Budget 2021: Josh Frydenberg’s economic recovery comes at a huge cost
This is a false dawn budget. There is rosy hope and optimism in the short term, with a world-leading Australian pandemic recovery in lives and livelihoods.
But the good news and consumer and business confidence have come at a record price in historical terms and political compromise.
The life-and-death question for the Morrison Coalition government – which will be answered at the next election – is whether the public accepts that this huge cost is a fair price to pay.
In the short term the answer will be overwhelmingly yes, yet in the longer term, beyond the next election, the true price will become apparent as it becomes clear that there will be a crippling debt for a decade at least.
There is also a darker hue beyond the dawn when the initial heat of the big spend begins to cool and the “future demand” that has been dragged forward into housing construction and business leaves a shortfall.
Make no mistake, the aim of saving millions of jobs has been achieved.
Jobs, Josh Frydenberg’s stated priority, were sustained during the COVID-19 pandemic with the biggest single fiscal program in Australia’s history, are still growing and are forecast to grow even more with unemployment falling to 4.5 per cent by 2023-24.
This is the Treasurer’s victory, not just in lowering unemployment but also in defying Labor’s challenge that the 2020 budget would fail “its central task” if unemployment was “too high for too long”.
What’s more, Frydenberg’s determination to cut off the $84bn JobKeeper program has not seen employment fall off a cliff as Labor suggested.
Coupled with business and personal tax cut stimulus, early access to superannuation, investment incentives, job welfare and housing industry support the Morrison government was the first economy to return to pre-pandemic levels of employment.
In his budget speech Frydenberg was upbeat: “At 5.6 per cent, unemployment today is lower than when we came to government.
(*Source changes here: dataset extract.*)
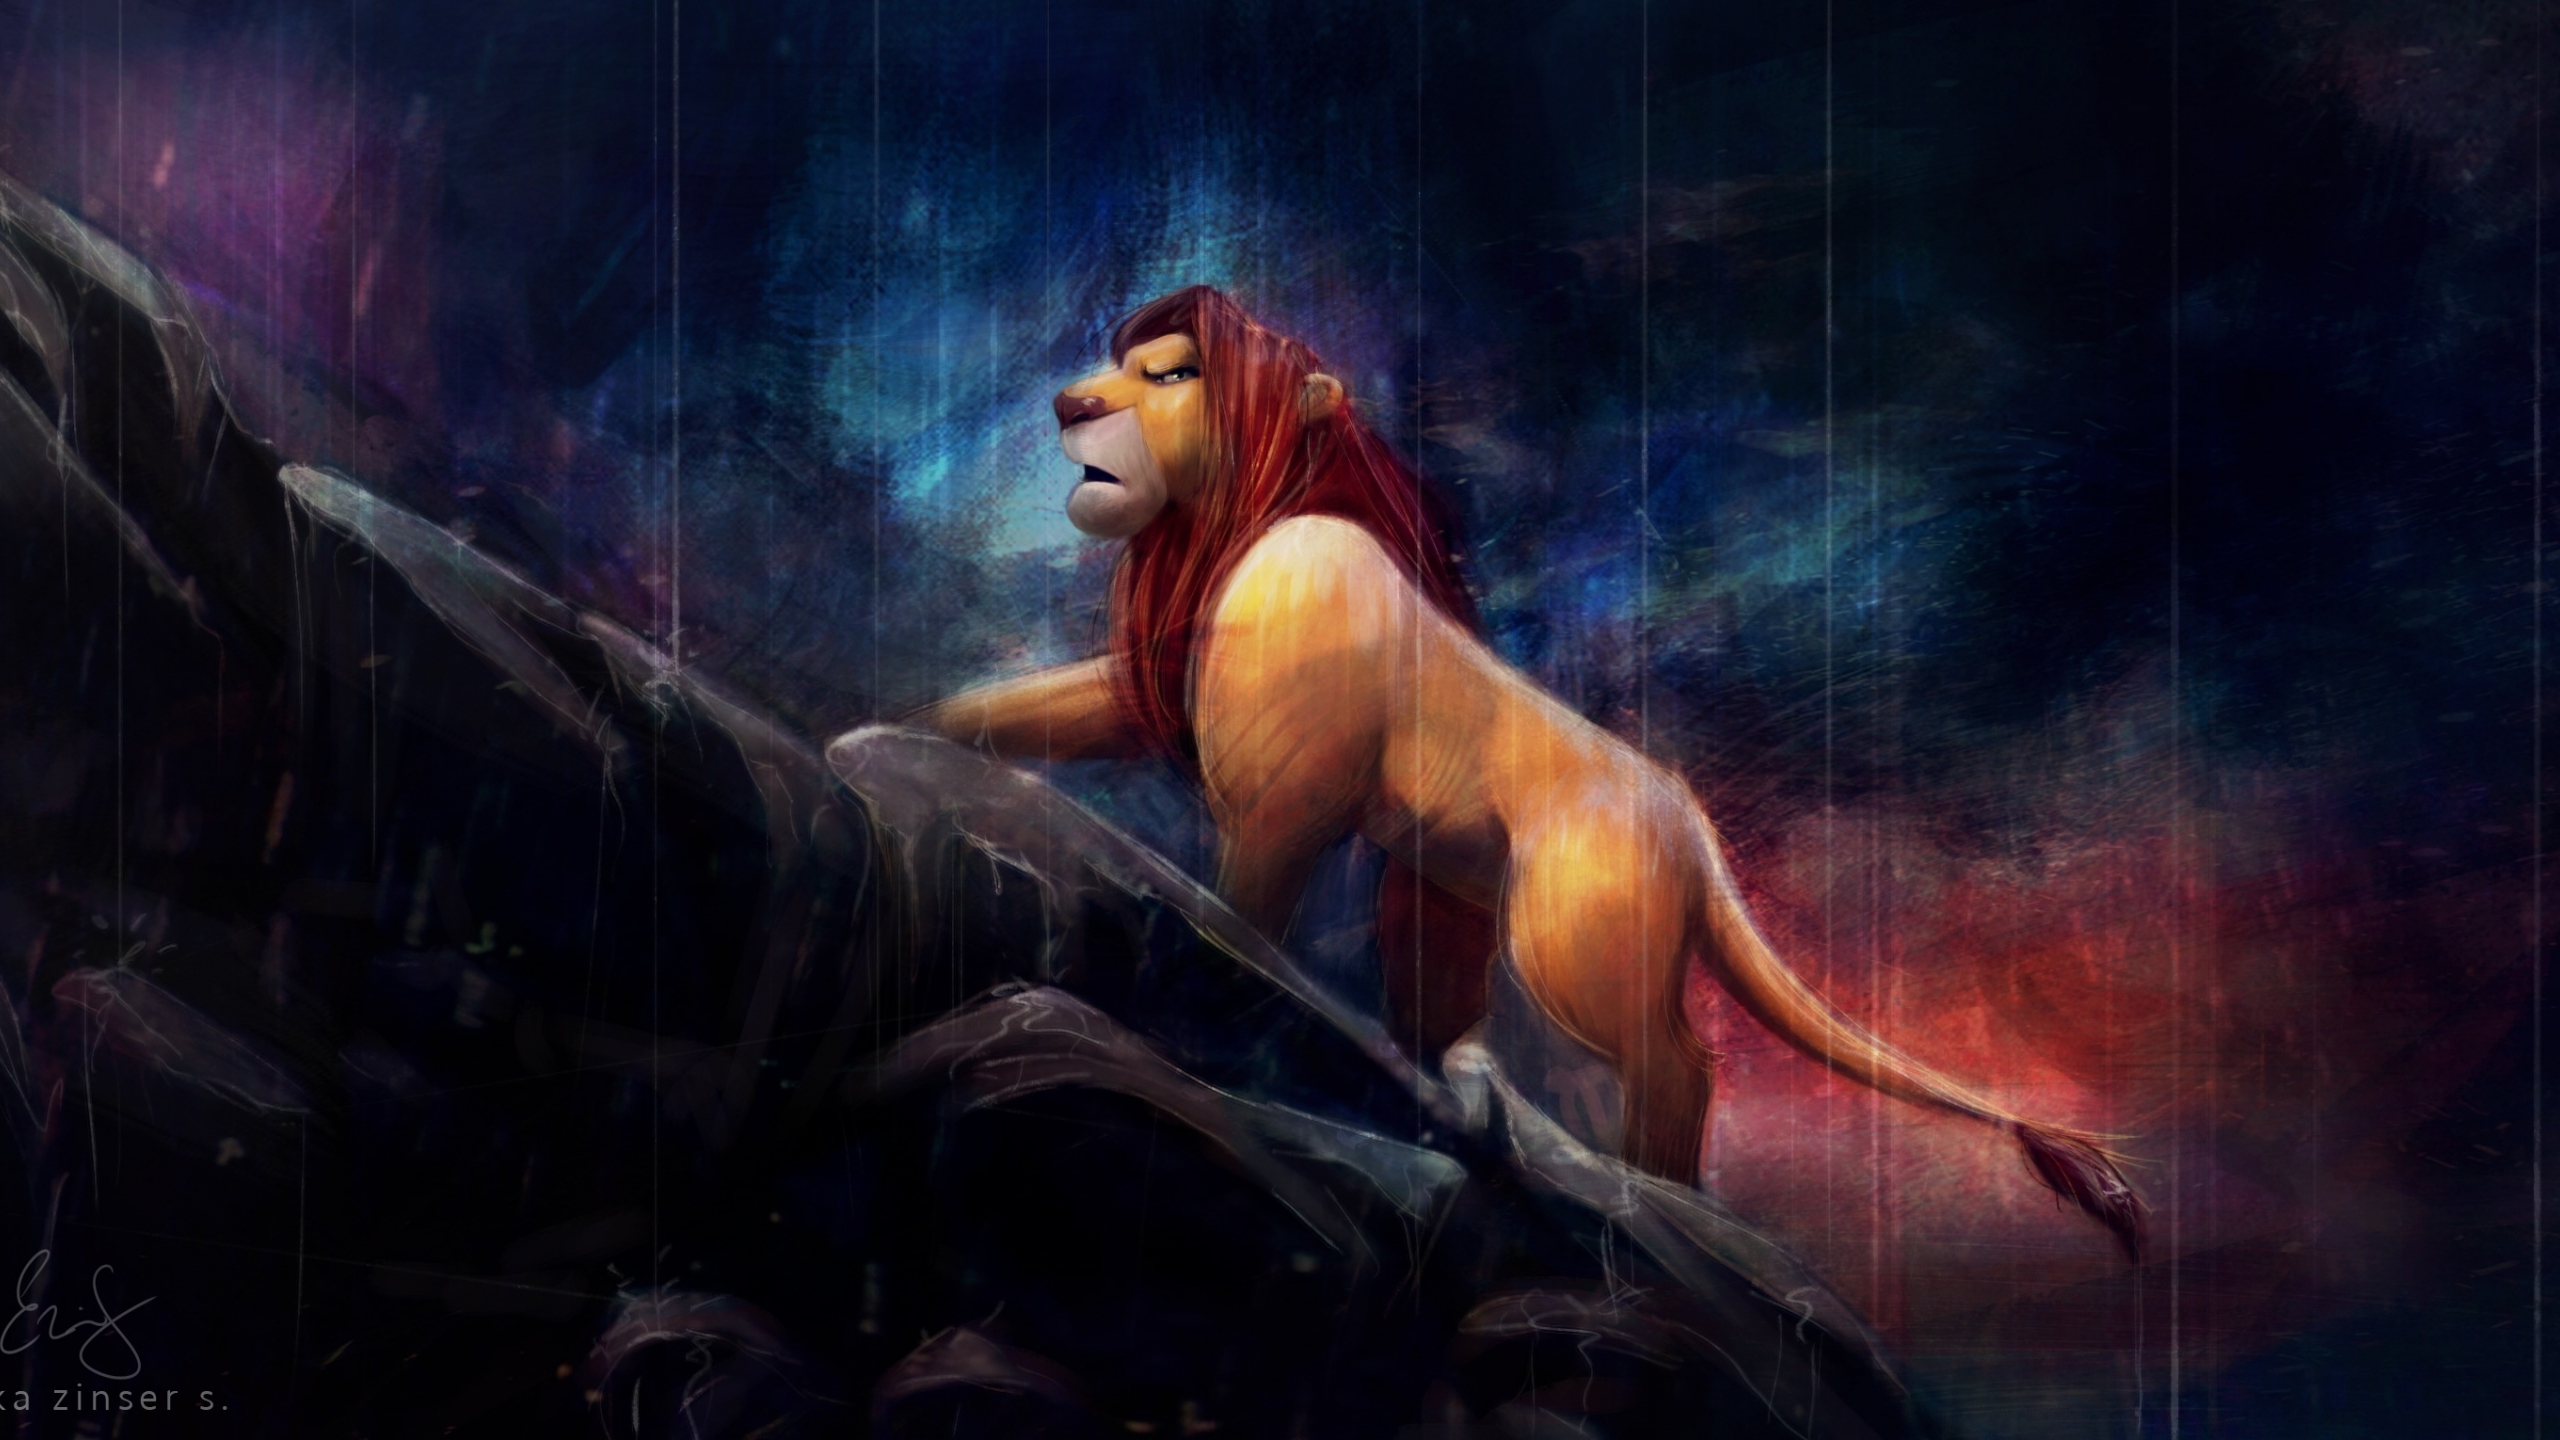 Download wallpaper 2560x1440 remember, who you are! lion king, art, dual  wide 16:9 2560x1440 hd background, 17469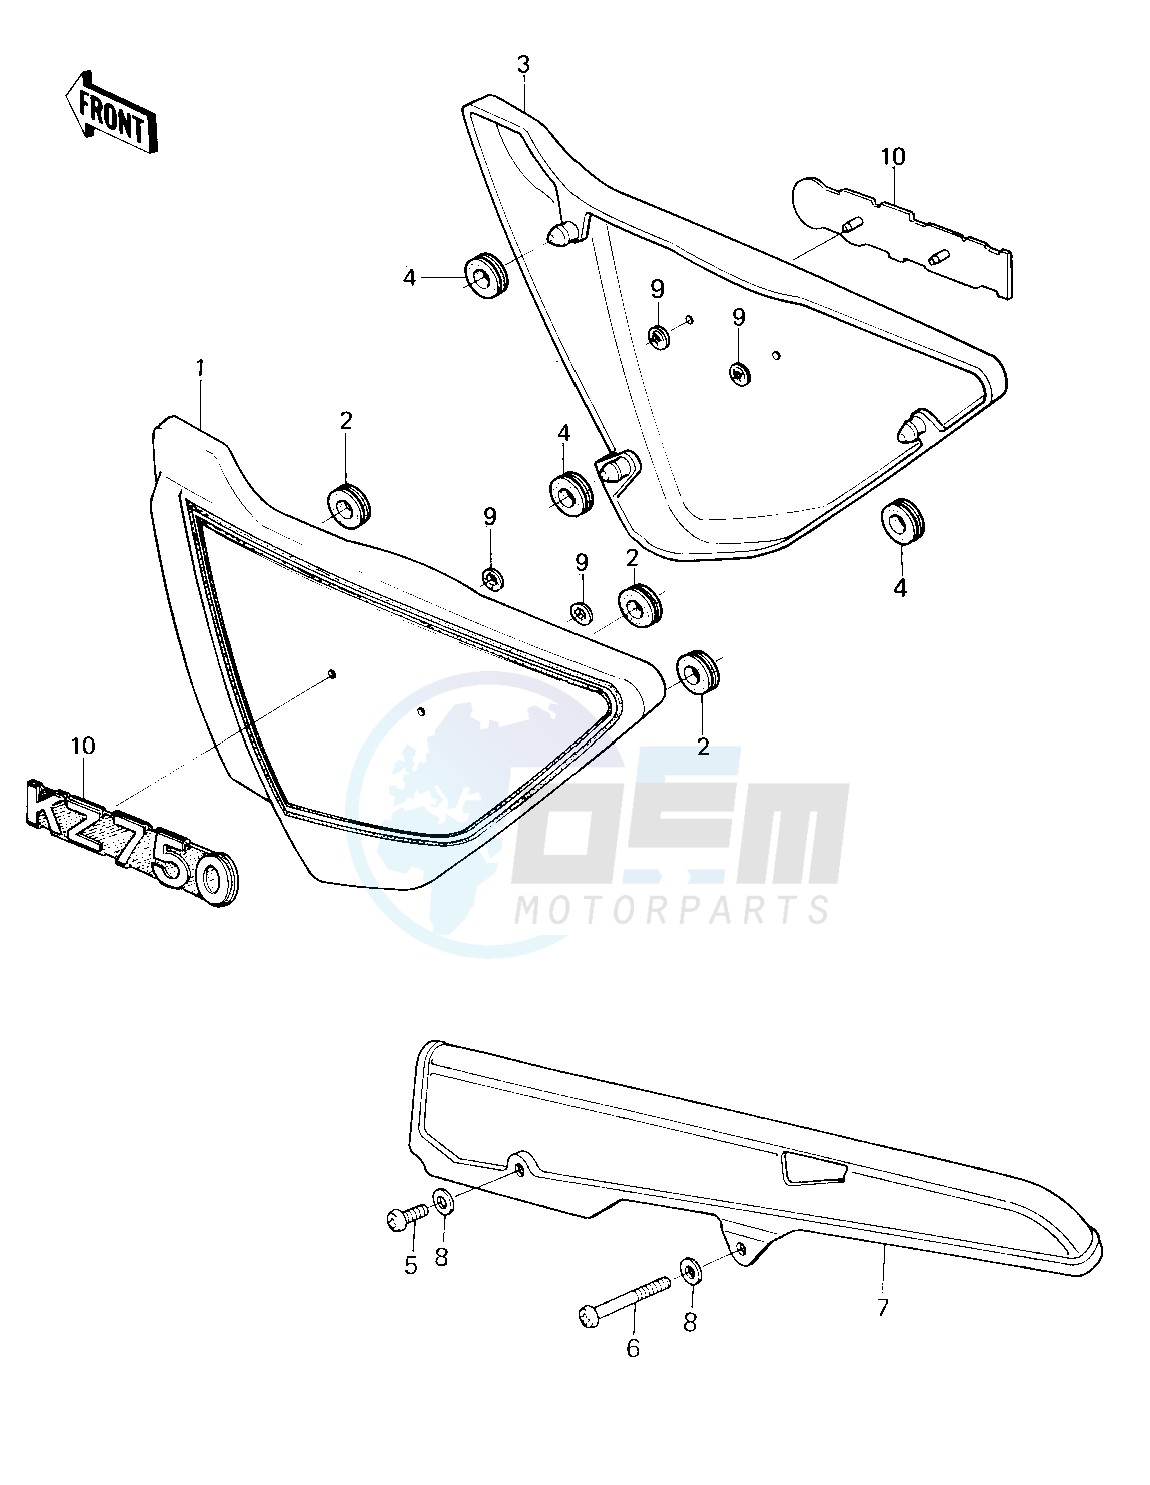 SIDE COVERS_CHAIN COVER -- 80 KZY 50-E1- - blueprint

This is remarkable.”
“JobKeeper kept 3.8 million people in their job,” he said.
The budget also contained the positive forecasts for unemployment, falling from 5.6 to 5 and then to 4.75 per cent and then again to 4.5 per cent in 2023-24.
But, because of global uncertainties, return to recession in the eurozone, a blowout in the deadline for vaccinations, negative immigration and a drop in demand as stimulus dries up, other forecasts for 2023-24 are not as optimistic.
Growth in GDP declines from 4.25 per cent to 2.25, inflation grows from 1.75 per cent to 2.5, household spending declines from 5.5 to 4 and dwelling investment falls from its robust 2.5 per cent to minus 1.5 per cent.
Then there is the debt and deficit in 2023-24: $920bn and $79.5bn. That’s the darkness beyond the dawn.